Sherlock Holmes again!
(Ichi wo kiite juu wo shiru; “Hearing one; knowing ten”)
Having great powers of reasoning and understanding. Learning one part and understanding the whole. Hearing just a little bit about something is enough for the person so described to realize quite a bit more. “A word to the wise is sufficient.”
This sentence comprises a pair of parallel verb phrases in sequence. Each has a number (grammatically, a noun) and a verb, and connects them with the particle を (wo), marking the number as the object of the verb. In the first phrase, the noun is 一 (ichi), “one,” and in the second, it’s 十 (juu), “ten.” What one does to “one” is 聞く (kiku); “to hear,” in conjunctive form. What one does to “ten” is 知る (shiru), “to learn about,” “to be(come) aware of,” “to know,” etc.
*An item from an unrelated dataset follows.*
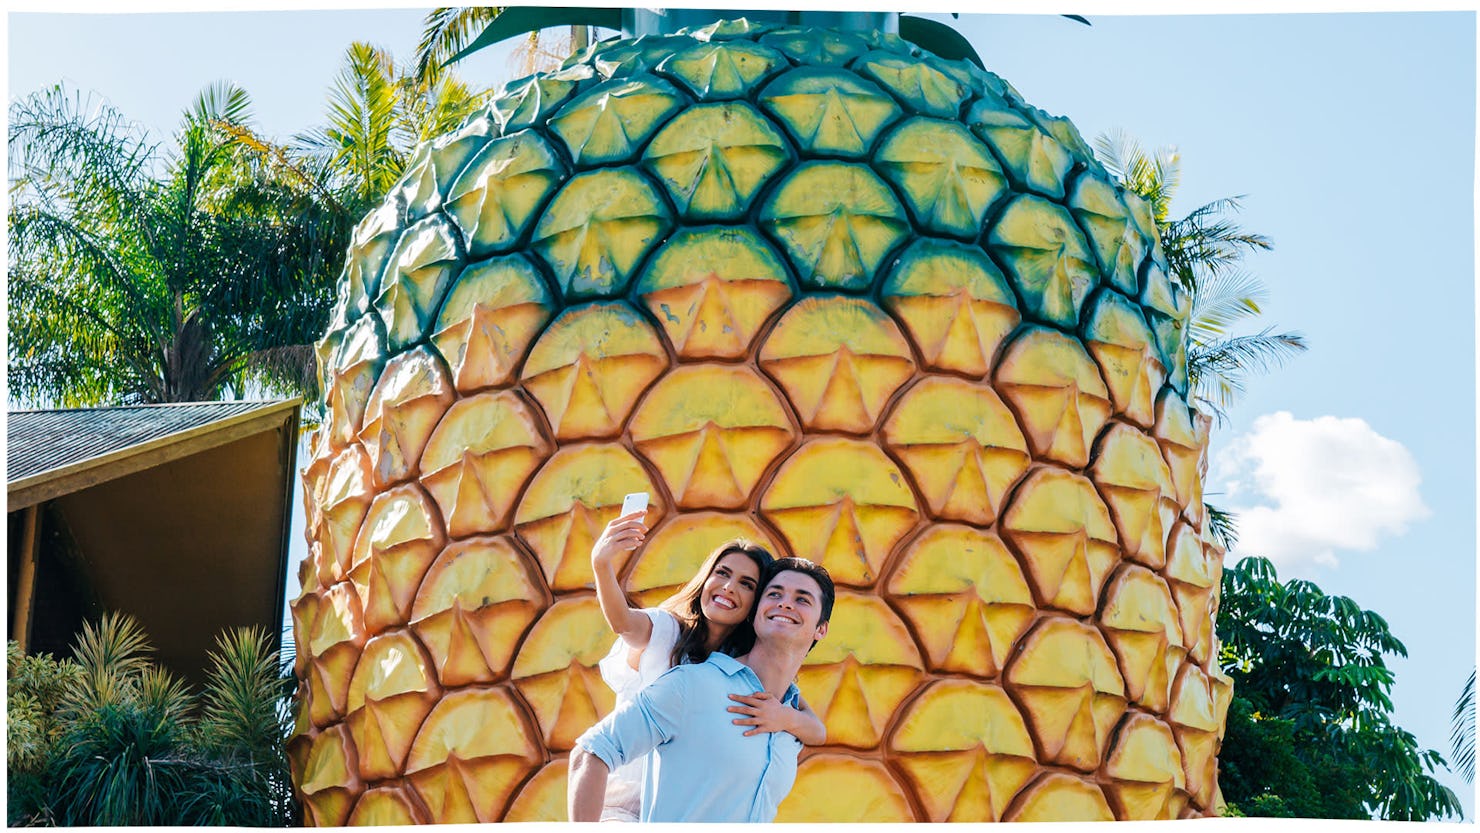 Selfies at the Big Pineapple, Woombye

Some versions of this kotowaza replace 知る with 悟る (satoru), a related term with connotations of Buddhist enlightenment. Others attach the counter 事 (koto), “(abstract) thing,” to the lone numbers 一 and 十 and make 一事 and 十事.
This saying comes from the Analects of Confucius. It’s based on a longer passage in which Zi Gong is questioned and praises fellow disciple Yan Hui (apparently considered Confucius’ favorite and best disciple), saying “He hears one thing and understands ten, while I hear one thing and only understand two.” It is included in the Osaka iroha karuta set.
(Ichi wo kiite juu wo shiru kurai ni rikairyoku ga aru senpai ni akogarete, mainichi benkyou ni kotsukotsu hagemu koto wo ketsui shita Jirou de atta.)
[Wanting to be like his senior, whose powers of reasoning allowed him to take one fact and deduce ten others, Jirou resolved to study hard every day.]